# n00b question of the day!



## Kahraba (Dec 23, 2013)

hey!

im trying to get this to work with my car's battery:





it requires *4.5*v *350*mA

i found a lighter plug that converts from *12*v to *4.5*v - *1*A
but it shows on my multimeter *4.7*

now, the question is:

will it burn the device? even thought it has *.2* more volts and *1 *amp?


----------



## retiredsparktech (Mar 8, 2011)

Kahraba said:


> hey!
> 
> im trying to get this to work with my car's battery:
> 
> ...


I can't see the utube entry.
Evidently the adaptor has a voltage regulator in it.

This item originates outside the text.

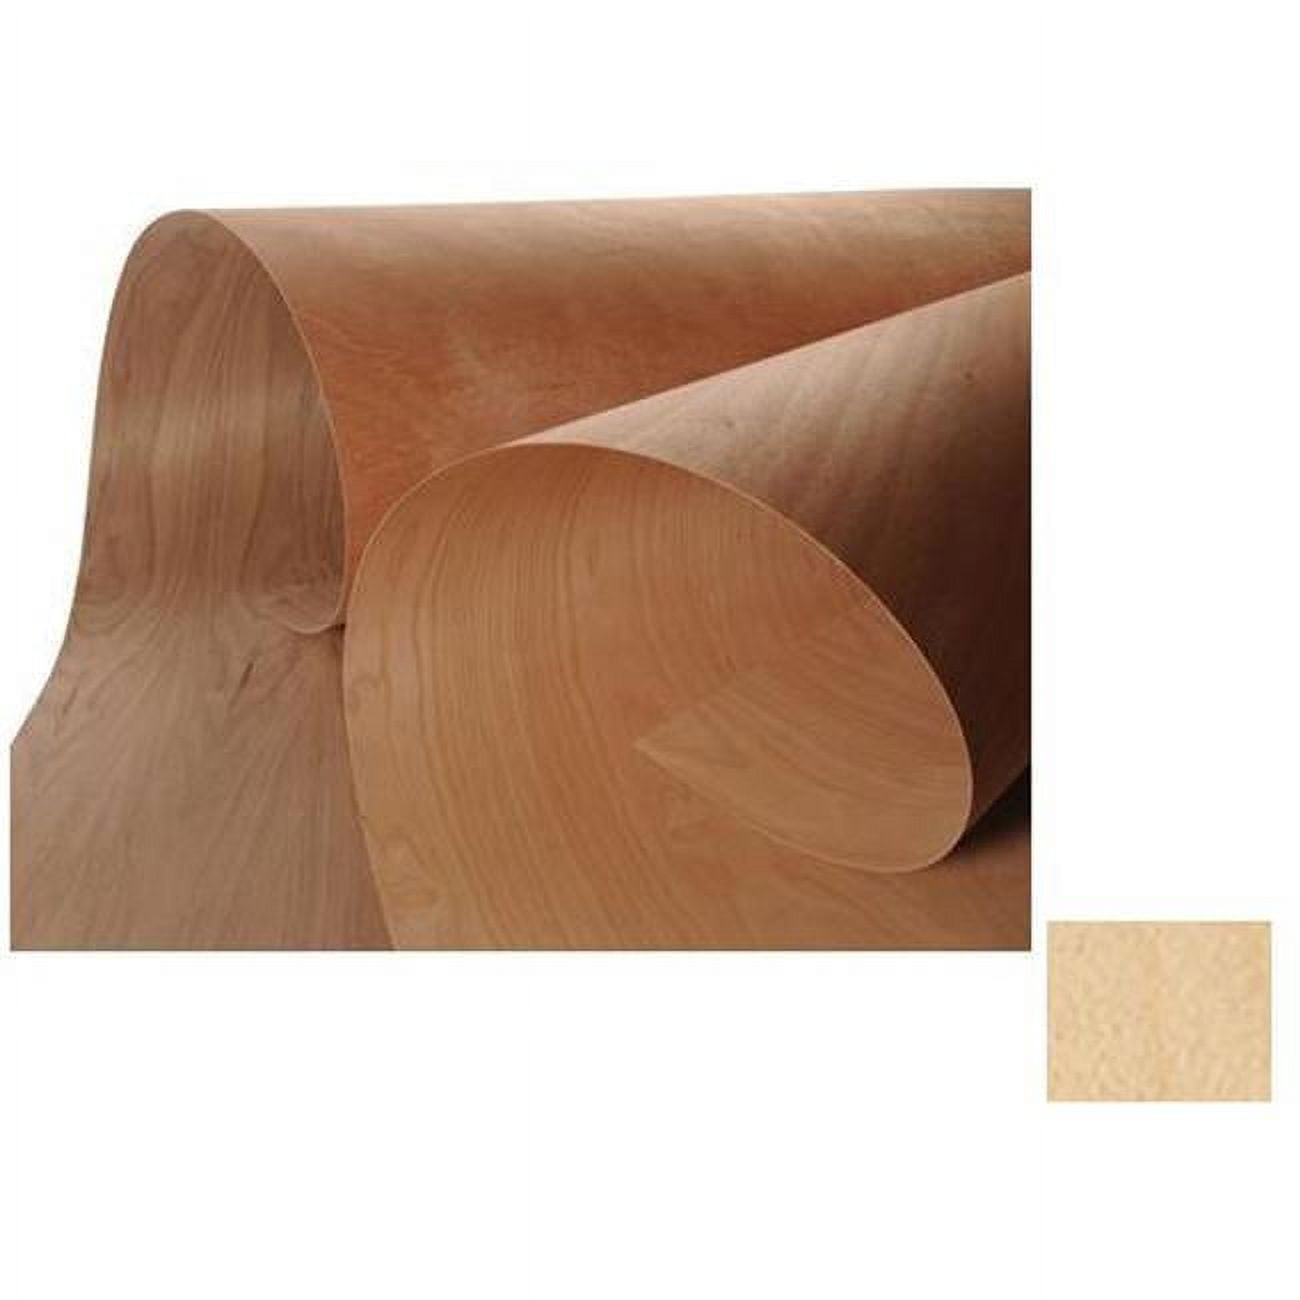 Sauers - Walnut Wood Veneer Sheet - 4' x 8' - Quartersawn - 10 Mil Paper  Backed
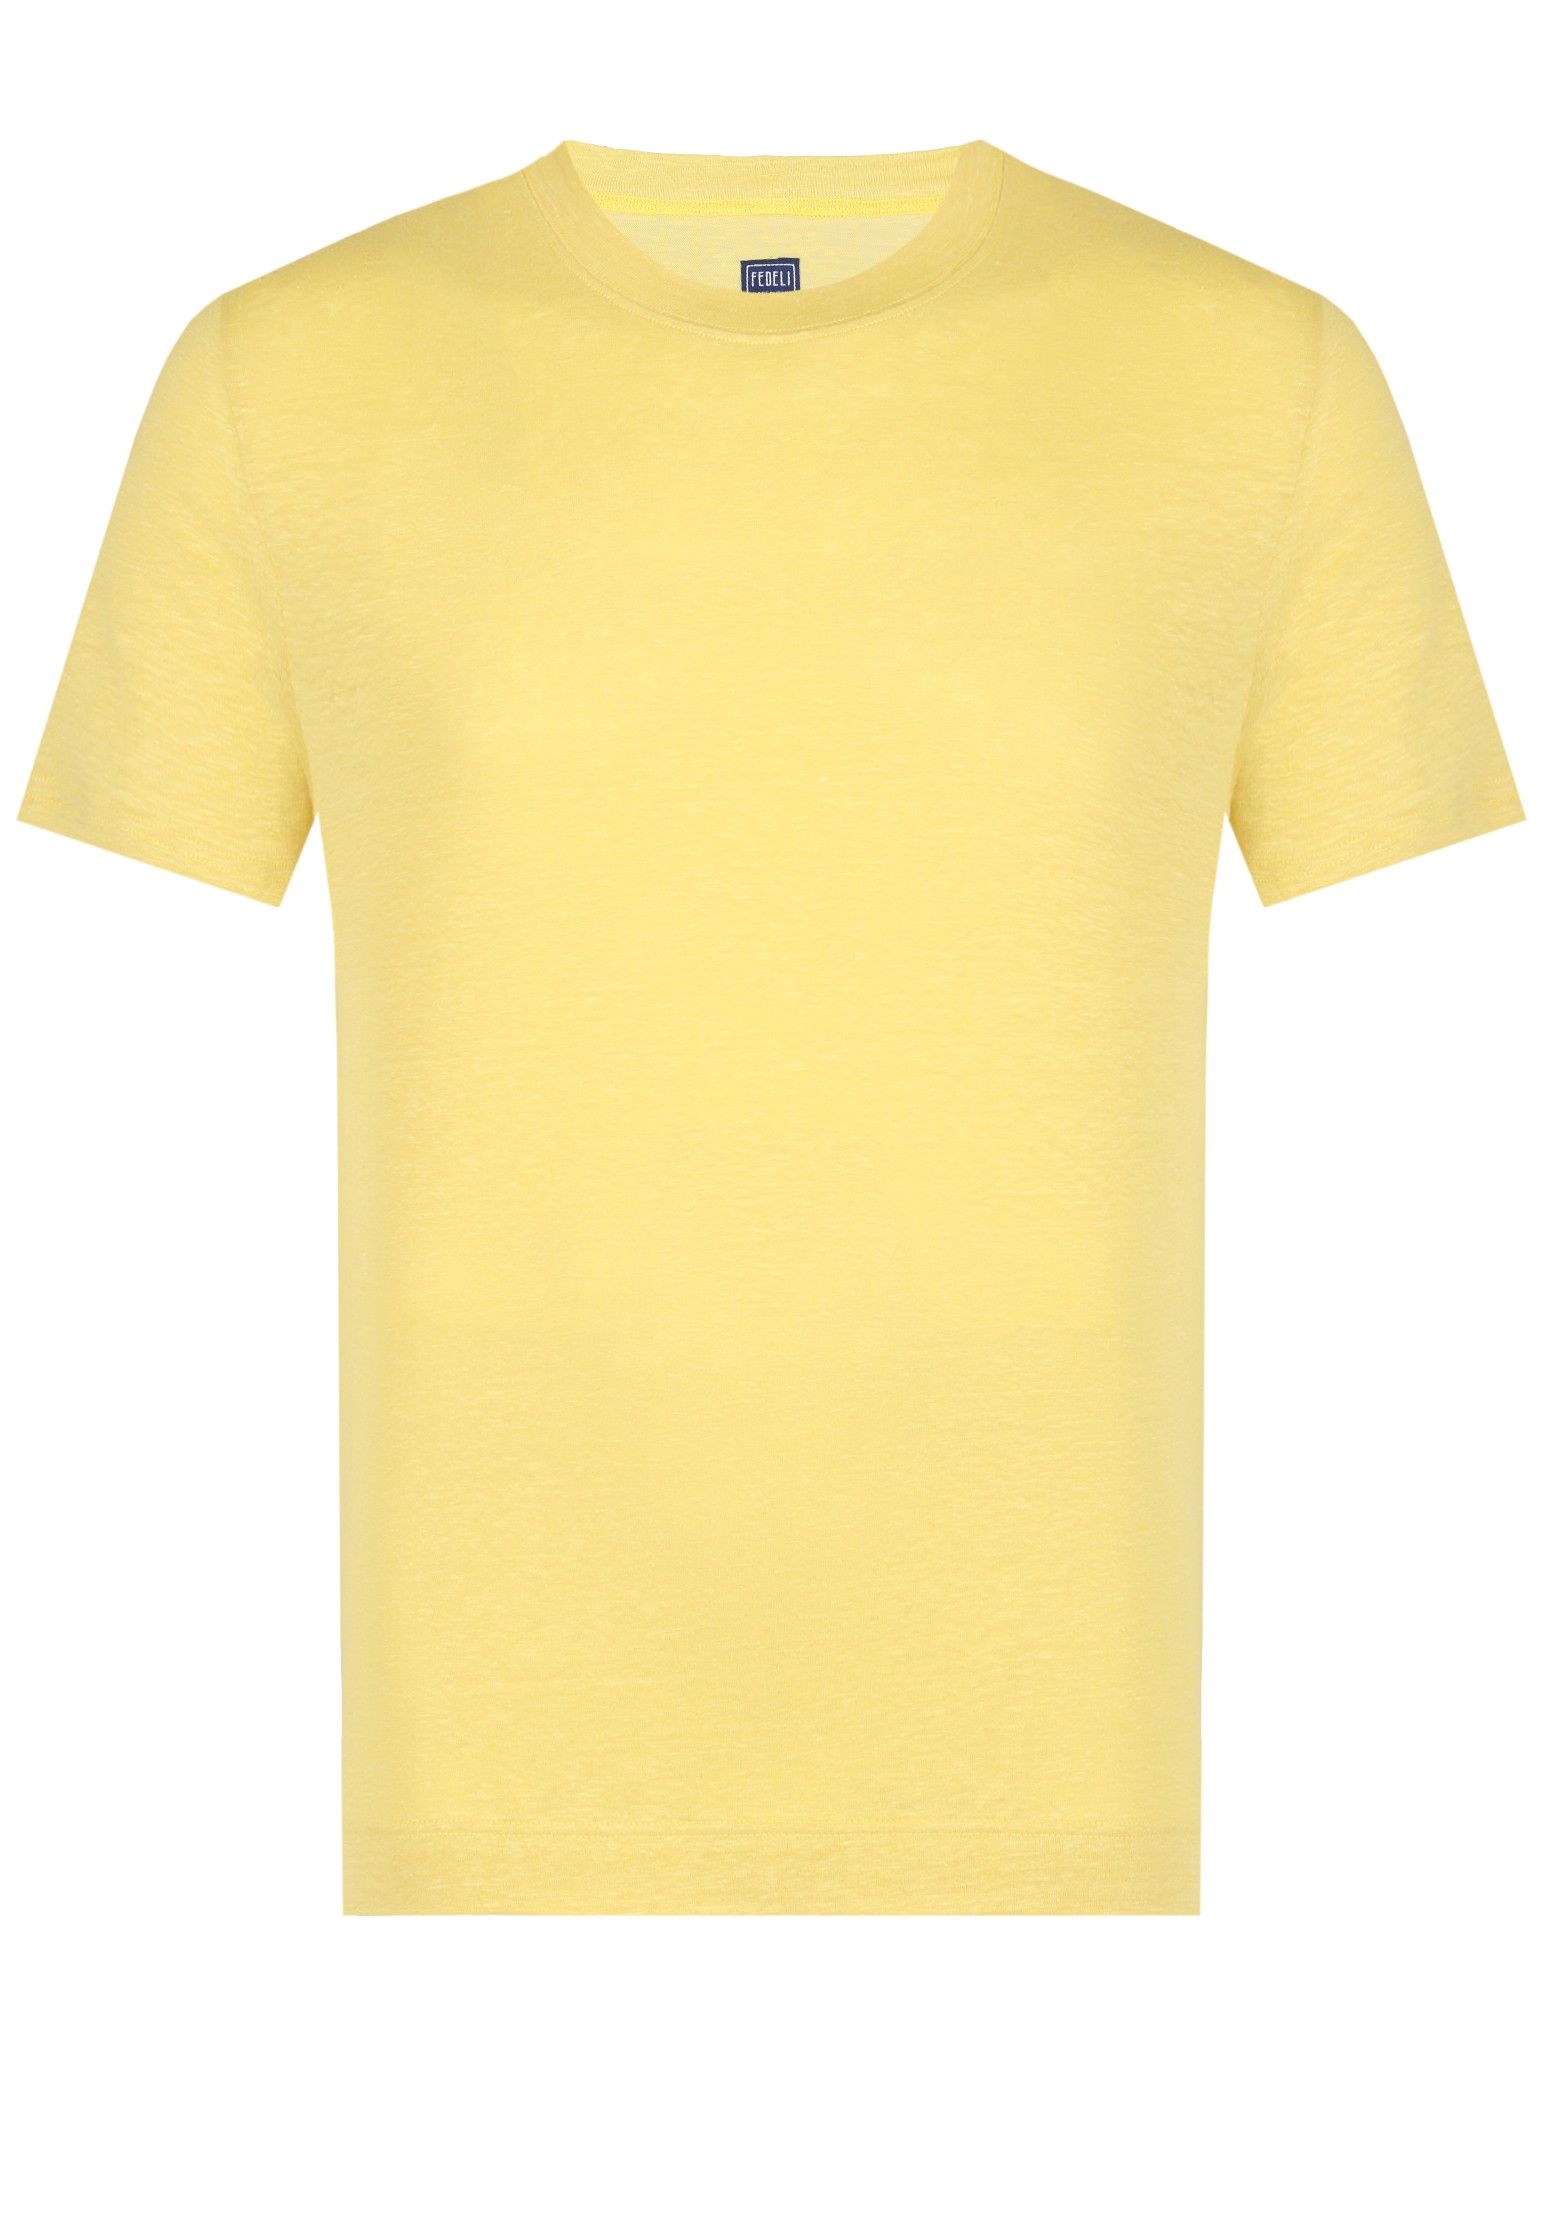 мужская футболка fedeli, желтая

The voltage you are reading is a no load voltage. The rating of 4.5 volts @ 1 amp is the maximum that the adaptor will provide.
Loading it at 350ma should be OK, as most electronic equipment is rated @ 10% +/- voltage.


----------



## Kahraba (Dec 23, 2013)

retiredsparktech said:


> I can't see the utube entry.
> Evidently the adaptor has a voltage regulator in it. The voltage you are reading is a no load voltage. The rating of 4.5 volts @ 1 amp is the maximum that the adaptor will provide.
> Loading it at 350ma should be OK, as most electronic equipment is rated @ 10% +/- voltage.


here's the link: 



couldn't edit post.


i see, thanks!


----------